King of the Hill is an animated sitcom from Fox, which aired for over a decade. I've only seen one episode, but it was surprisingly interesting. The show is set in Texas, and centers around one family--the father is in a white shirt below, and the other three men are his friends. The opening theme gives the impression of Butsch's "working class buffoons." Four men stand outside a house drinking beer all day, while the world functions around them. The most productive thing any of them do is take out the trash, but even that's a stretch--the wife has already taken it out, and merely hands it off to her husband, who just has to walk a few feet to the trashcan.

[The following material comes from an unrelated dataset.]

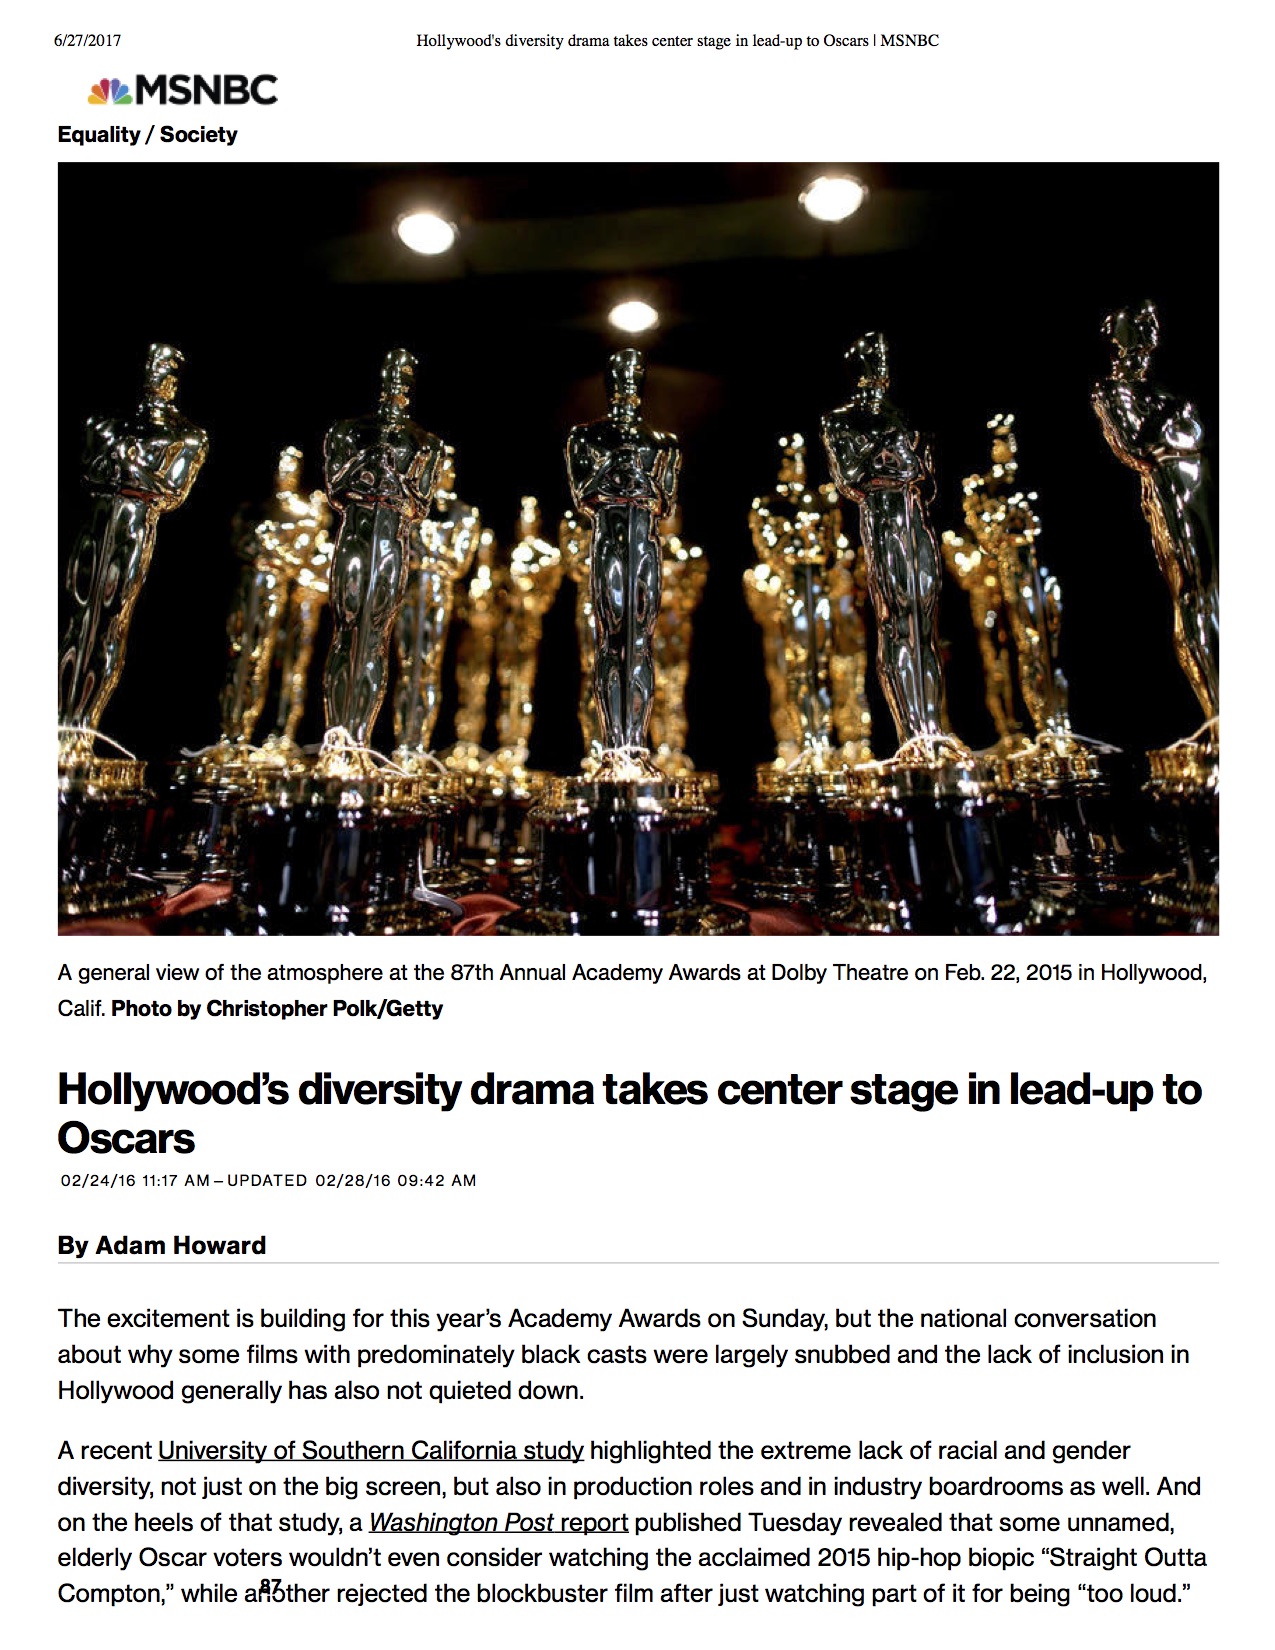 1Hollywood's diversity drama takes center stage in lead-up to Oscars _ MSNBC.jpg

What was memorable to me about the episode wasn't the elements listed above. Had that been the main content of the series, I doubt that it ever could have lasted for over a decade, let alone more than a full season or two. Even though there were plenty of jabs at stereotypical Texas (and one guy in a tank top who was borderline mentally retarded), the show was about family. Regardless of the state, economic class, or general way of life, most parents want to instill good values in their children.
While at first, my middle class New Yorker Democrat self was laughing at the characters featured in "King Of The Hill," and I certainly looked down at the "buffoons," I ultimately realized that there was more to it, and that the messages being delivered were no different than higher class shows dealing with family or raising children. Not bad for one 22 minute episode!